As it was solely the power of God that enabled them to speak to such purposes, so it is solely the power of God that enables us to speak at all.
This is the dependent, helpless poverty of our state, which is a great reason for humility. For since we neither are, nor can do any thing of ourselves; to be proud of any thing that we are, or of any thing that we can do, and to ascribe glory to ourselves for these things, has the guilt both of stealing and lying. It has the guilt of stealing, as it gives to ourselves those things which only belong to God. It has the guilt of lying, as it is denying the truth of our state, and pretending to be something that we are not.
[♦]3. The misery of our condition appears in this, that we use these borrowed powers of our nature, to the torment and vexation of ourselves, and our fellow creatures.

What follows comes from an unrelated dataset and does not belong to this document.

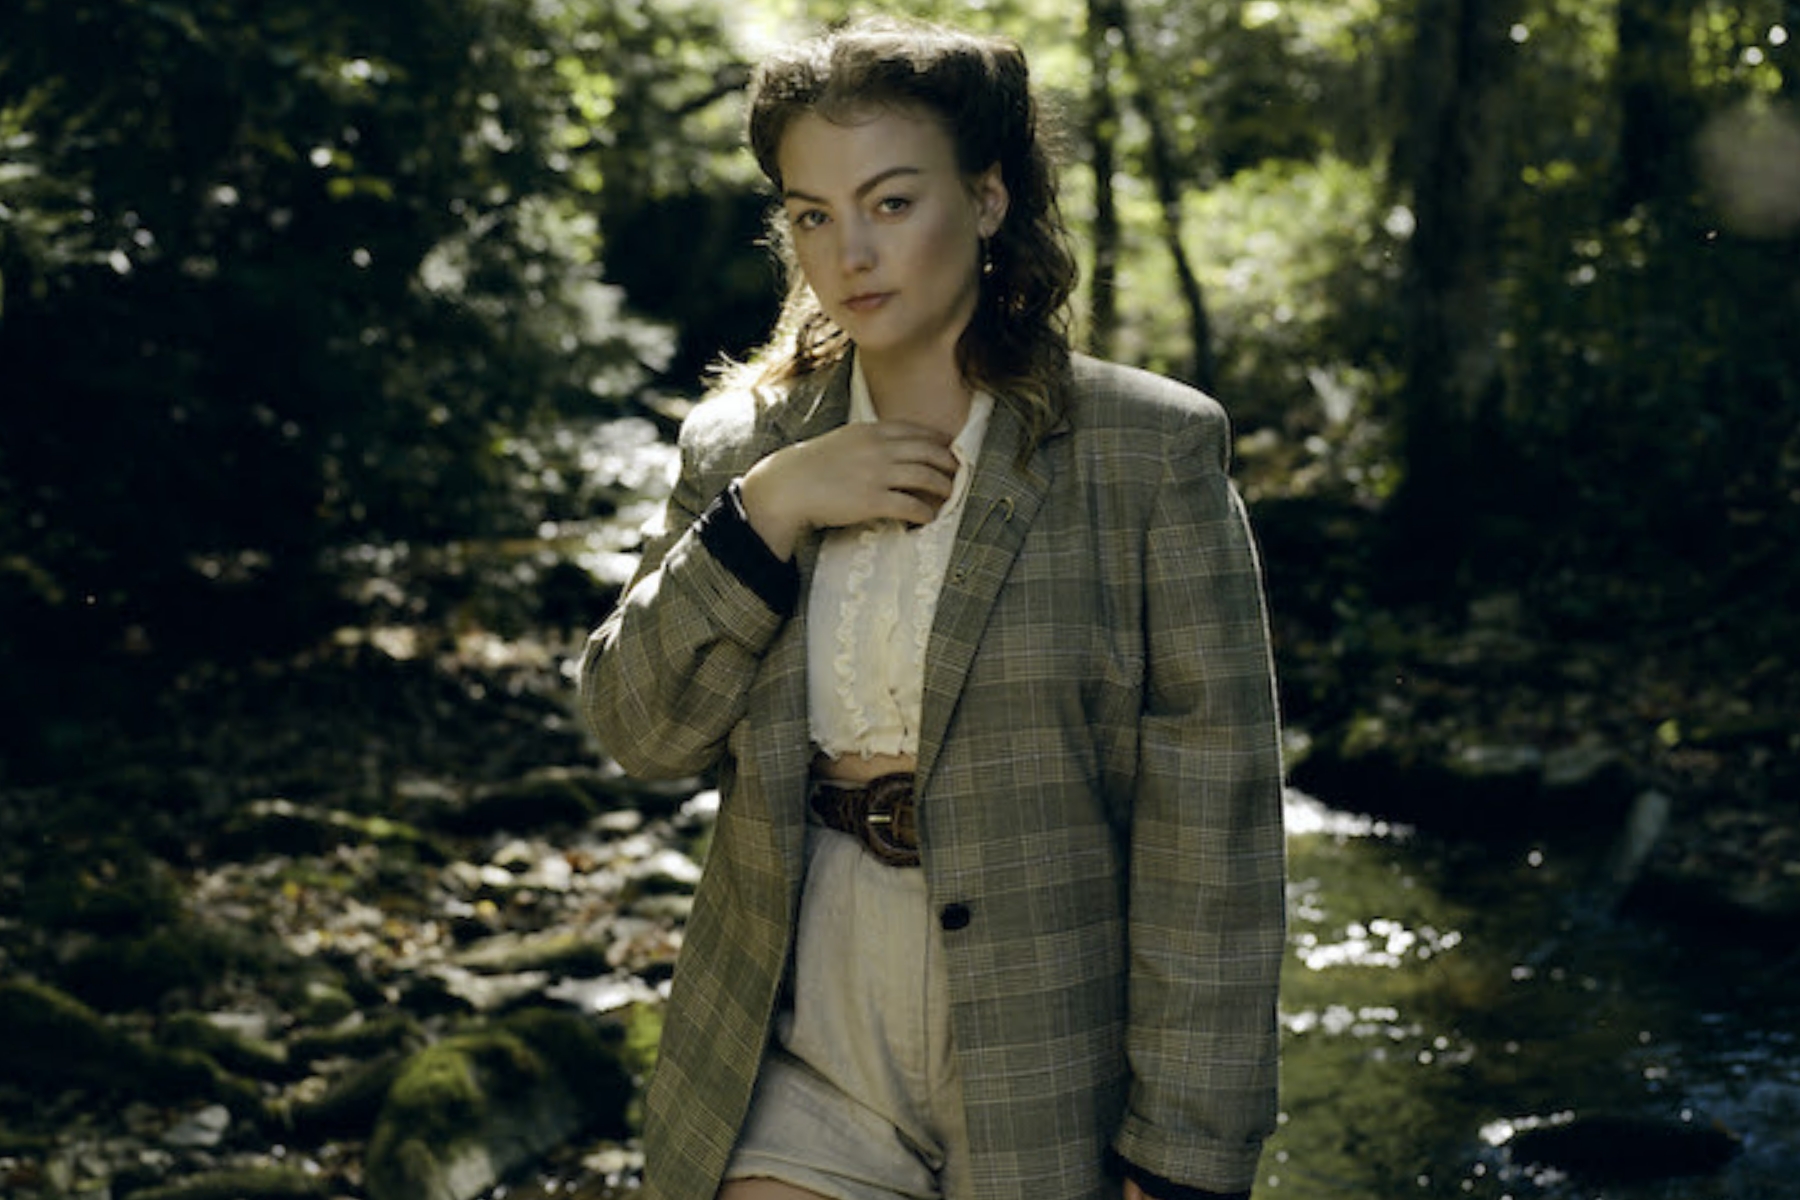 NEWS: Angel Olsen announces details of new album 'Big Time' & Shares video for title track
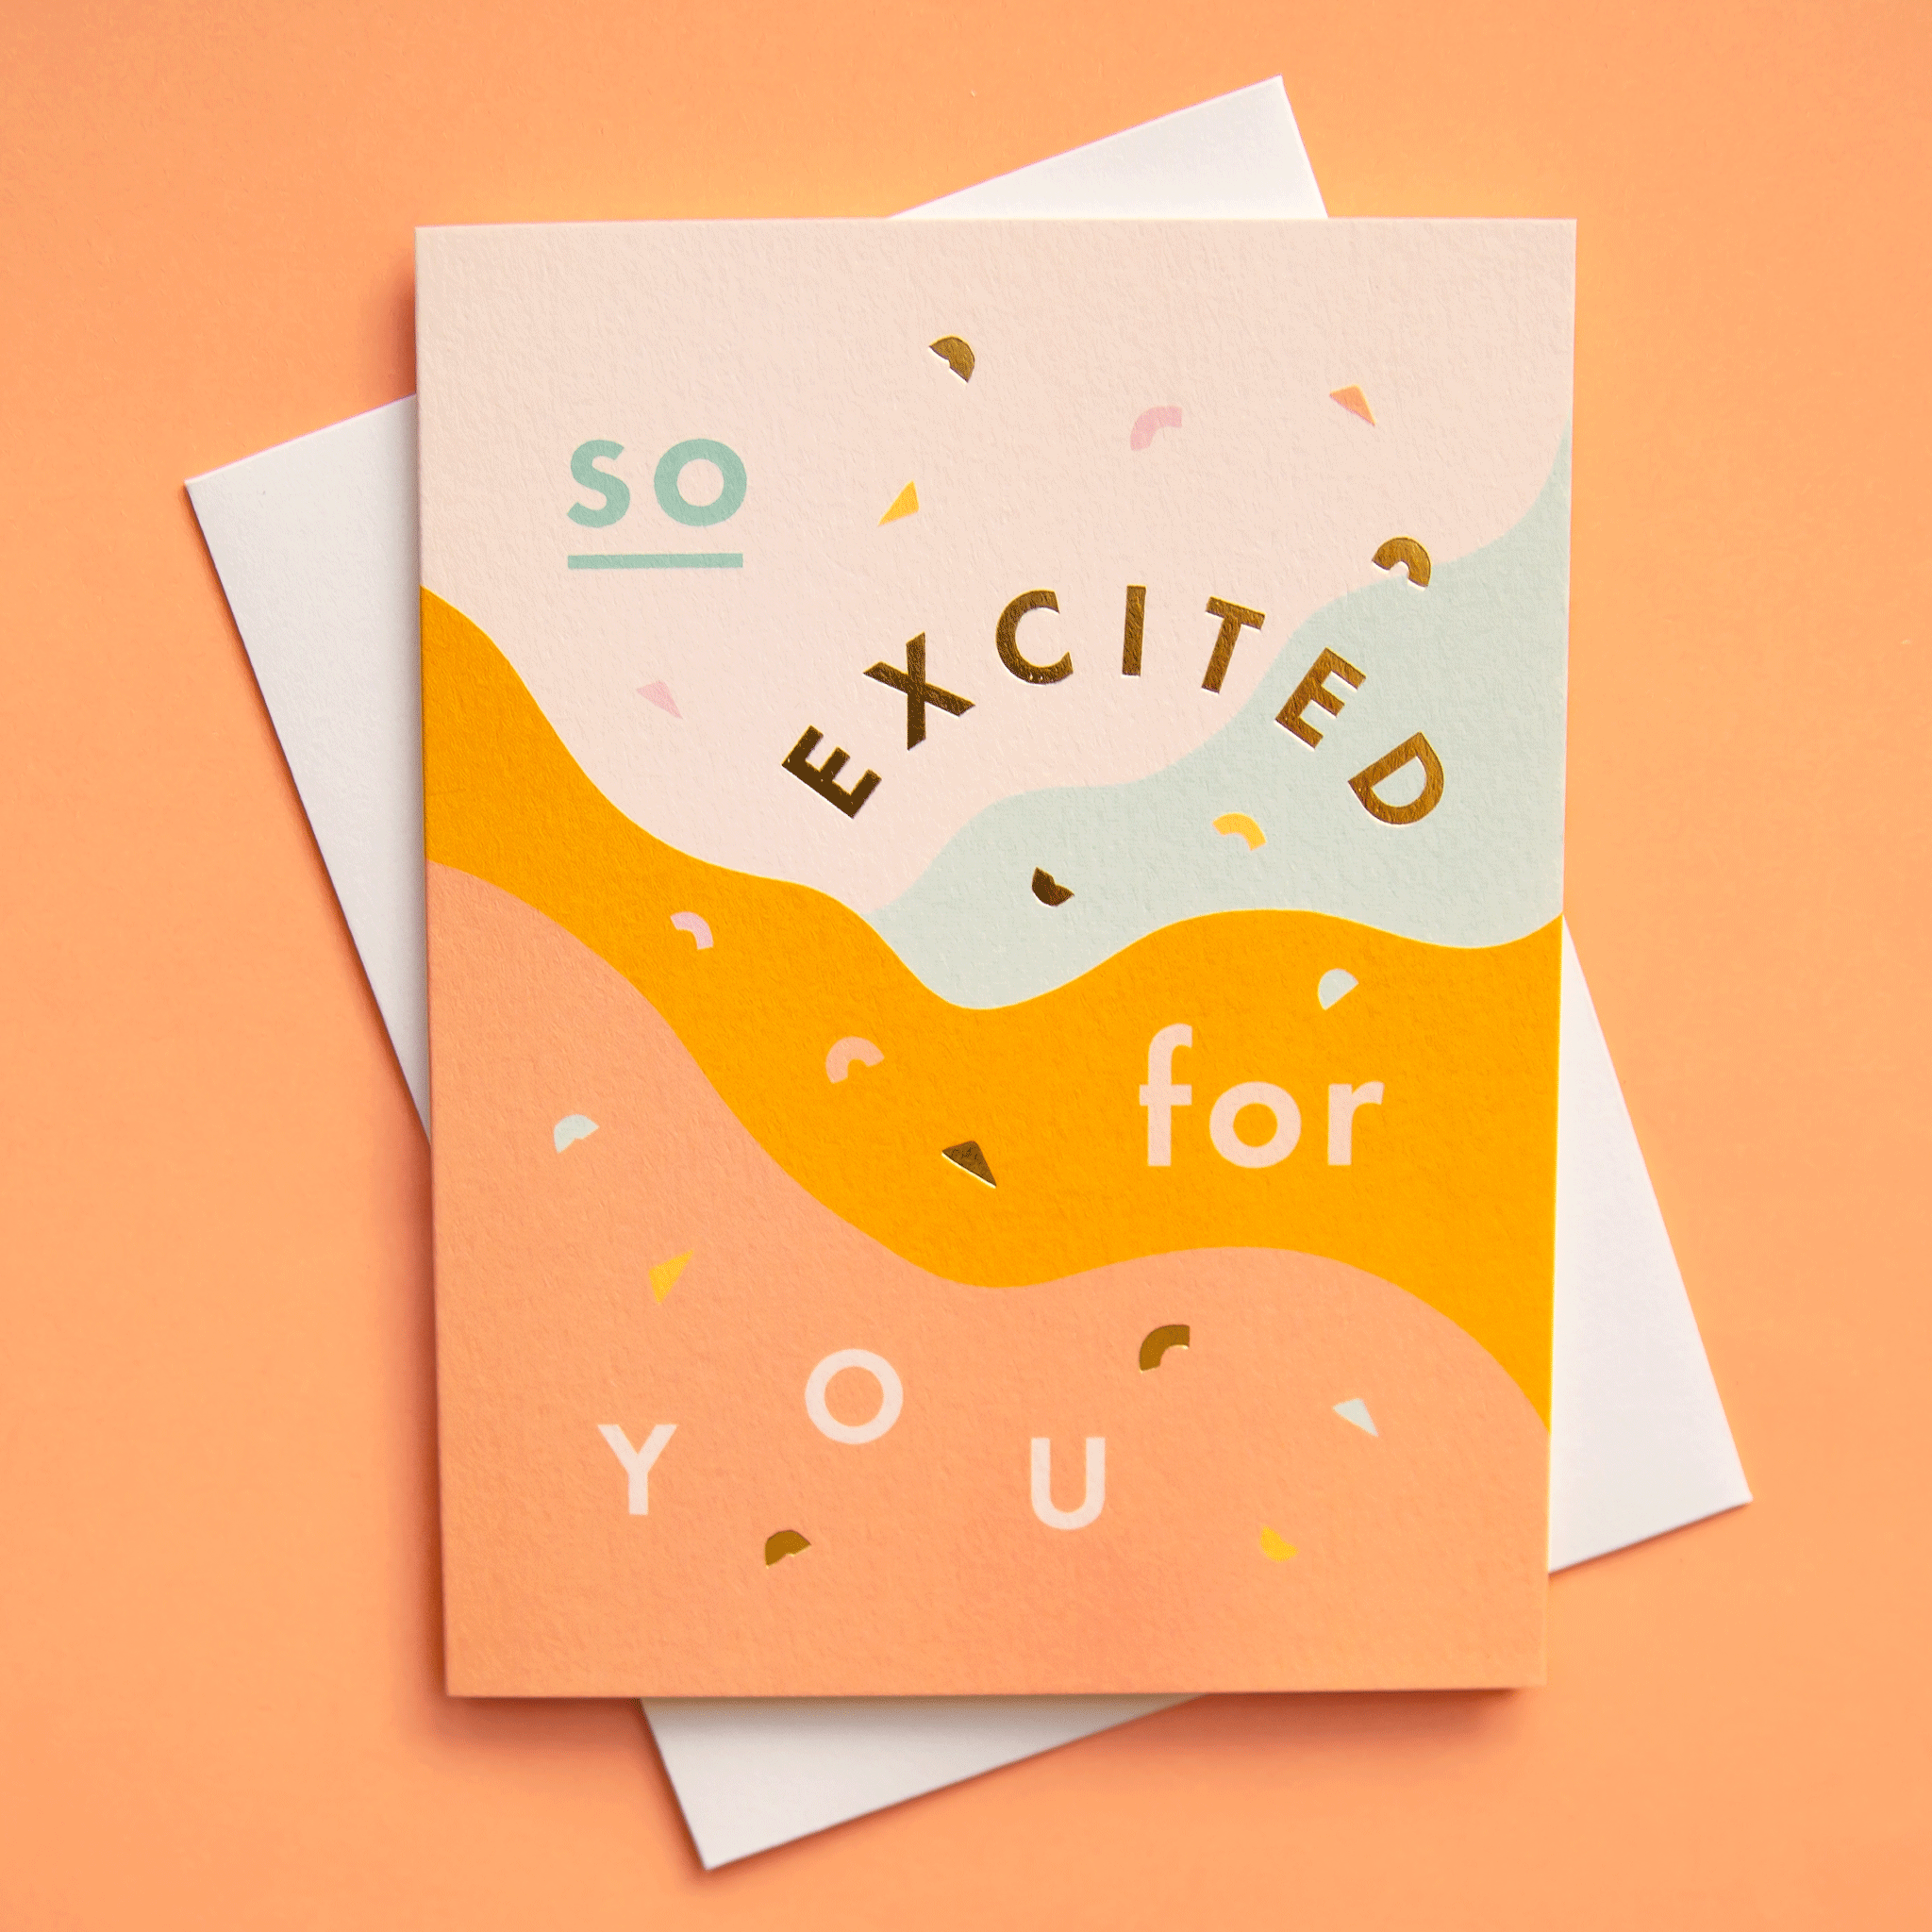 On a white background is a multicolored card with waves that reads, "So Excited for You" in different colored text.

[♦] Numbers 1. and 2. omitted in text.
*God has entrusted us with reason, and we use it to the disorder and corruption of our nature. We reason ourselves into all kinds of folly and misery, and make our lives the sport of foolish and extravagant passions: seeking after imaginary happiness in all kinds, creating to ourselves a thousand wants, amusing our hearts with false hopes and fears, using the world worse than irrational animals, envying, vexing, and tormenting one another with restless passions, and unreasonable contentions.
Let any man but look back upon his own life, and see what use he has made of his reason. What foolish passions, what vain thoughts, what needless labours, what extravagant projects, have taken up the greatest part of his life: how foolish he has been in his words and conversation; how seldom he has been able to please himself, and how often he has displeased others; how often he has changed his counsels, hated what he loved, and loved what he hated; how often he has been enraged and transported at trifles, pleased and displeased with the very same things, and constantly changing from one vanity to another. Let a man but take this view of his own life, and he will see cause enough to confess, that pride was not made for man.
*Let him but consider, that if the world knew all that of him, which he knows of himself; if they saw what vanity and passions govern his inside, and what secret tempers sully and corrupt his best actions, he would have no more pretence to be honoured and admired for his goodness and wisdom, than a rotten and distempered body to be loved and admired for its health and comeliness.